# vdr (1.6.x) adon Playlist

## Schnulli

Hallo Euch,

da wir auf den Repros kein vdr-adon-playlist finden konnten, wir wissen bei gen2vdr ist es verfügbar, haben wir eine Version gepatcht und würden diese der Community natürlich zur Verfügung stellen.

Wenn Interesse besteht, wir vermuten ja, dann bitten wir um Antwort und wir stellen das Adon vorerst hier bereit um dann Eure Meinung zu bekommen.

Gruß

----------

## Randy Andy

Ja wie Schnulli,

was für ne Frage, immer her damit.

Wieso seh ich das erst jetzt, und wieso gibt's nicht schon längst Nachfrage in diesem Thread   :Surprised: 

Gruß, Andy.

P.S. ich brauch das nicht wirklich, und auch nicht dringend, aber ich finde alles was gen2vdr kann, sollten wir auch abdecken können.

Schließlich hab ich mich vor Jahren bewusst von gen2vdr abgewandt. 

Zuviele Vorgaben die mir nicht zusagen.

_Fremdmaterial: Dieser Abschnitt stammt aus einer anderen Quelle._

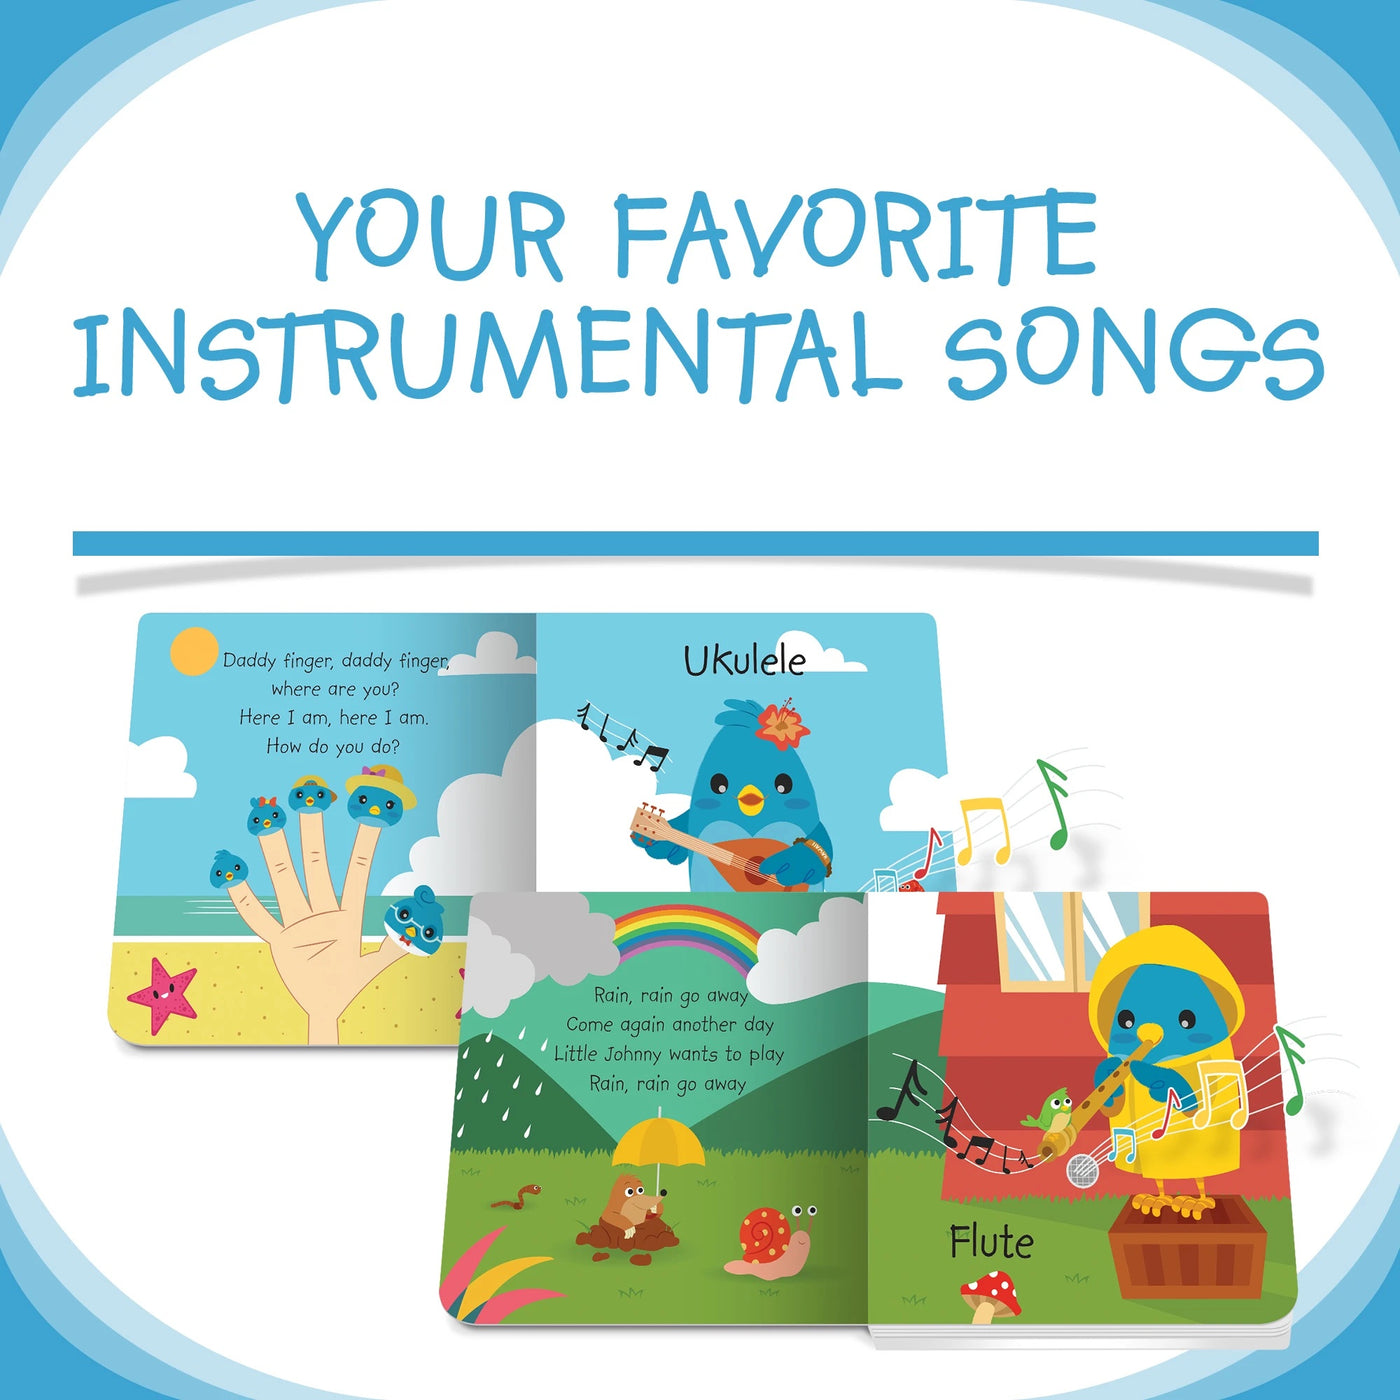 DITTY BIRD - INSTRUMENTAL CHILDREN'S SONGS

Nix mit "Its all about choice."   :Wink: 

----------

## Schnulli

 *Randy Andy wrote:*   

> Ja wie Schnulli,
> 
> was für ne Frage, immer her damit.
> 
> Wieso seh ich das erst jetzt, und wieso gibt's nicht schon längst Nachfrage in diesem Thread  
> ...

 

Moinsen Randy Andy, sorry das wir uns erst jetzt melden.....

wir sind wieder am Werk (hier war die Hölle los, leider keine Zeit für die angenehmen Sachen und Gentoo gehabt)

ja kein Thema, ich such das mal wieder zusammen und stell das addon dann direkt hier als DL-Link für Testing zur Vefügung.

Anmerkungen, Kritik, Ideen, Hilfe sind natürlich willkommen....

greetz @all

----------